We compared two versions of Smin, SimGIC and Jaccard each with Uniprot data. Performance was similar with all metrics, with the exception of GC Jacc which had a weaker correlation. Smin1 and SimGIC2 are slightly better methods. ADS signal is plotted on the x-axis and the evaluation metric, shown in headings, is plotted on the y-axis. We flipped the sign of the Smin metrics for consistency.
Fig 8.
Top metrics for CAFA data set.
Metrics are shown with different colours. Fmax is black, AUC-ROC and AUC-PR are in red, Jacc, Smin and SimGIC are in green and semantic similarity metrics are in blue. Colours are varied between different metrics in the same group. The figure uses the following abbreviations: AJ = AJacc, F = Fmax, G = SimGIC, J = Jacc, L = Lin, PR = AUC-PR, R = Resnik, ROC = AUC-ROC and Sm = Smin. Abbreviations are combined with summation or data structuring method. For example, Resnik F is R-F, Lin A is L-A, TC AUCROC is TC-ROC, ic2 SimGIC is ic2-G and ic Smin is ic-S. High quality metrics appear in the upper left corner (high correlation and low False Positive Signal). This clustered part is zoomed in the lower panel for clarity.
Fig 9.
Top metrics for MouseFunc (top panel) and Uniprot (lower panel) data sets.

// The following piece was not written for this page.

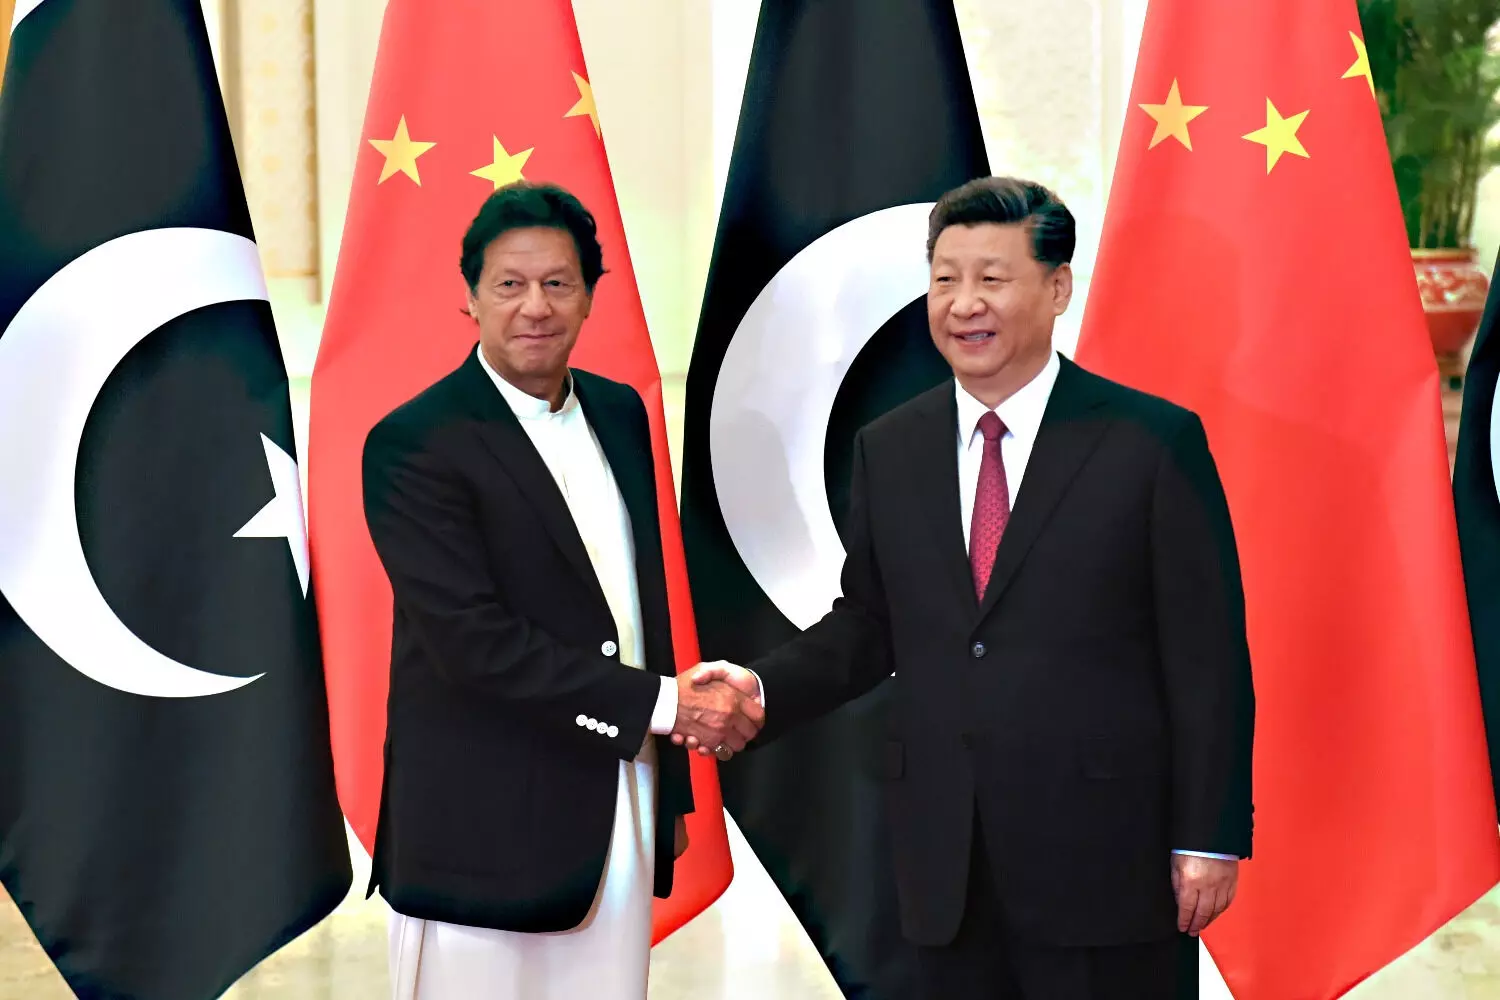 No Western power could damage Paks ties with China: Imran Khan

Here we repeat the lower plot from Fig 8 on the other two data sets. The performance of individual EvMs varies between data sets. Colouring and labels are explained in Fig 7.
Table 1.
Summary of results for best performing and widely-used metrics.
Here we show RC (Rank Correlation) and FP (False Positive) results for the best performing methods. We also show same results for some widely-used metrics. Good metrics should have a high RC score and low FP scores. Rec column shows our selected recommendations (See text for details). The five best results in each column are shown in bold. The five weakest results in each column are shown with underlined italics. Metrics that fail a given test are highlighted in red (see text for details). Note how methods in lower block show consistent weak performance either in RC or FP tests.